Así escucho que lo llaman cuando se dirigen a Ud. y siguiendo esa costumbre lo hago ahora. A decir verdad, mi cercanía con Ud. me hace un poco difícil considerar que esa expresión abarque lo que Ud. significa para mí como para millones de católicos. No lo digo por el significado de la palabra en sí, le viene muy bien por la misión que el Señor le ha confiado, sino lo digo por lo cercano que me resulta su persona, su Magisterio y su presencia en el vida de la Iglesia a la cual amo.
Por esta razón quería escribirle esta carta. Su anuncio de ayer nos ha dejado helados, pero a la vez nos ha abierto el corazón para mirar desde allí la Iglesia en este tiempo, en este día. Todos comprendemos lo que significó para Ud. el peso de este ministerio, como todos también nos hemos sentido alentados y protegidos por su firmeza, su sensatez, su aguda inteligencia y su gran discernimiento. Sabemos que ha sufrido y sufre la incomprensión no sólo del mundo, sino también de muchos bautizados. A veces queremos todos agarrar el timón de la barca de Pedro. Todos sabemos por dónde tiene que ir la Iglesia, pero no todos aprendimos que el camino es el de la obediencia y el de la cruz. Ese camino hoy Ud. nos lo ha mostrado con su gesto. Y nos lo viene mostrando desde mucho antes de asumir como Obispo de Roma.
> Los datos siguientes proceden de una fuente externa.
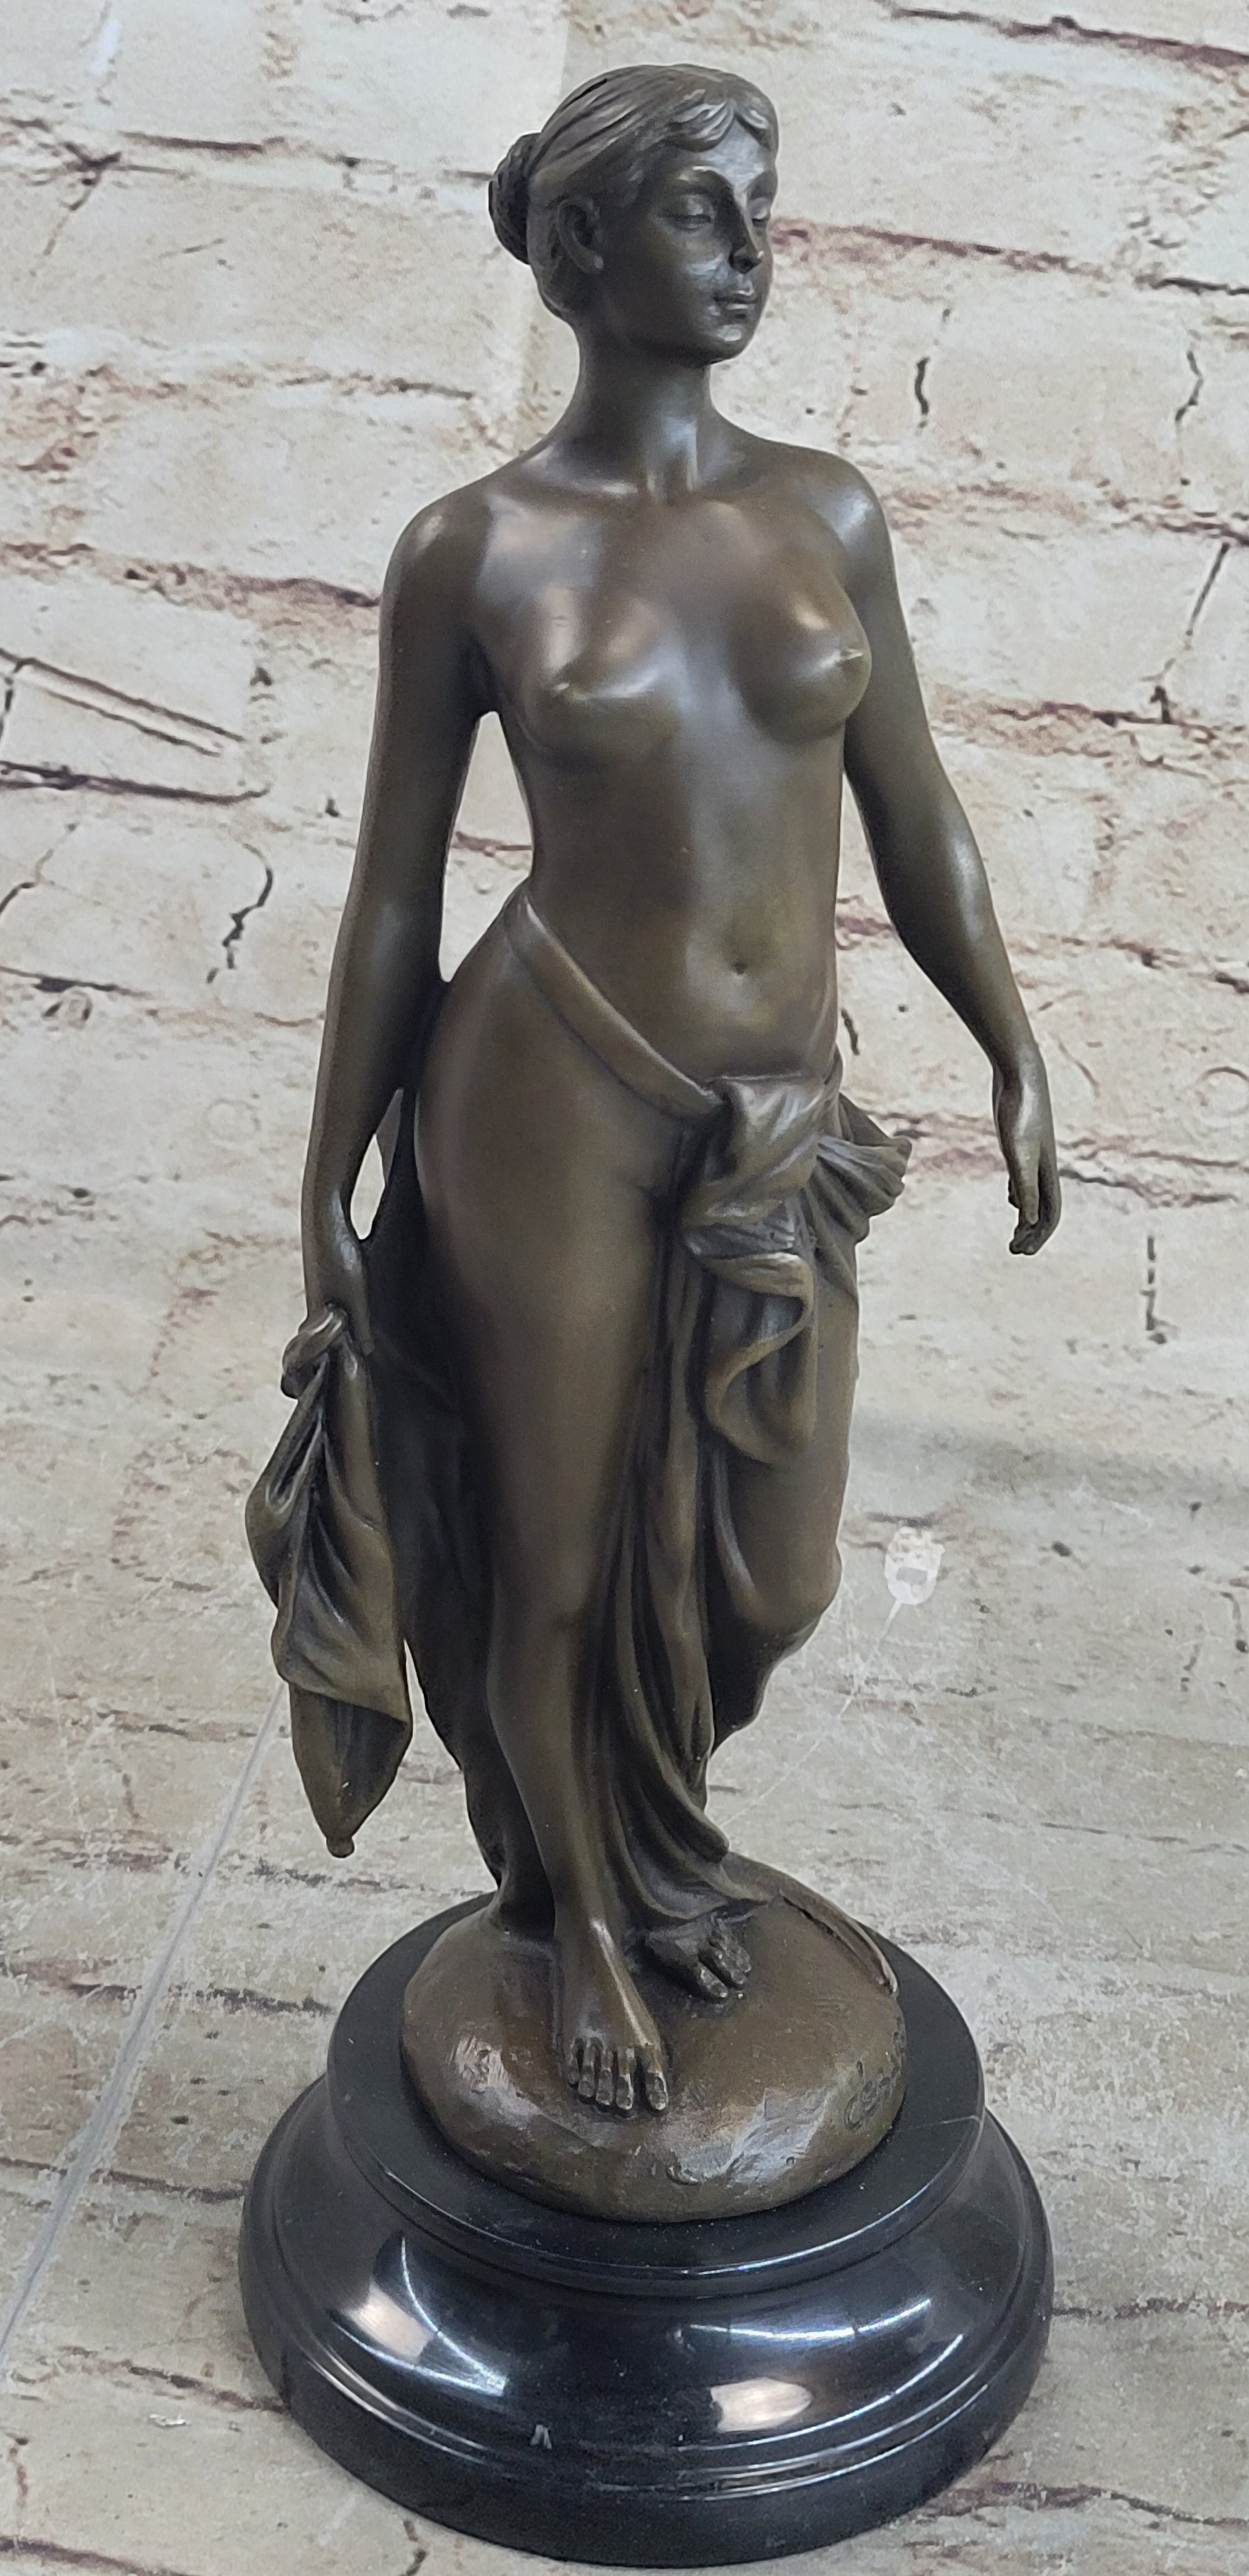  Hot Cast Nude Female Holding Whip Statue Figurine Bronze  Sculpture FigureÊå

Gracias, Santo Padre, por tanto. Por su magisterio: certero, sencillo, profundo, claro. Por sus decisiones: audaces, necesarias, arriesgadas, proféticas. Por sus intervenciones allí donde hace falta la mano firme del Padre que cuida y corrige. Gracias por no haber perdido el sentido en esta vorágine de ideas, santones, falsos profetas, filosofías, y también falsos hermanos. Gracias al Señor que lo ha fortalecido mucho más de lo que su frágil salud hubiese podido humanamente hablando.
Siento que me he demorado en escribirle porque sopesar lo que uno tiene que decirle a un padre tan querido, no es tan sencillo. Todavía no ha aflorado todo lo que hay en el corazón. Y compartirle esto es decirle lo importante que Ud. ha sido y es para mi como para todos los católicos del mundo. Importante también para los anglicanos, para las Iglesias cristianas, para los judíos, para los musulmanes. Sin que esto quiera imponer su persona a estos otros, sino porque su decidido caminar ecuménico y dialógico ha abierto las puertas de una fraternidad querida ya por el Concilio, reafirmada por Pablo VI, buscada por Juan Pablo II y concretada por Ud.
Me ha asombrado su realismo incluso cuando asumió la cátedra de Pedro. No se amilanó ante la gigantesca figura de Juan Pablo II. No quiso compararse, ni intentó remedarlo. Fue Ud. mismo. Y esa fue la fuente desde donde el Espíritu Santo pudo decir a la Iglesia, a través de Ud., lo que es necesario oir.
Sé que muchos hablan y hablarán de Ud. en estos días. Yo no quiero hablar de Ud., sino llegar a Ud. con corazón de hijo para abrazarlo y darle las gracias. Lo voy a extrañar. Y quiero decirle que, aunque estamos físicamente muy lejos, y Ud. ni noticias de mi existencia tendrá, estoy cerca de Ud. porque no lo he dejado de comprender como un hermano, un padre, un siervo de Jesucristo.
El Señor lo bendiga, Santo Padre, y la Virgen lo proteja.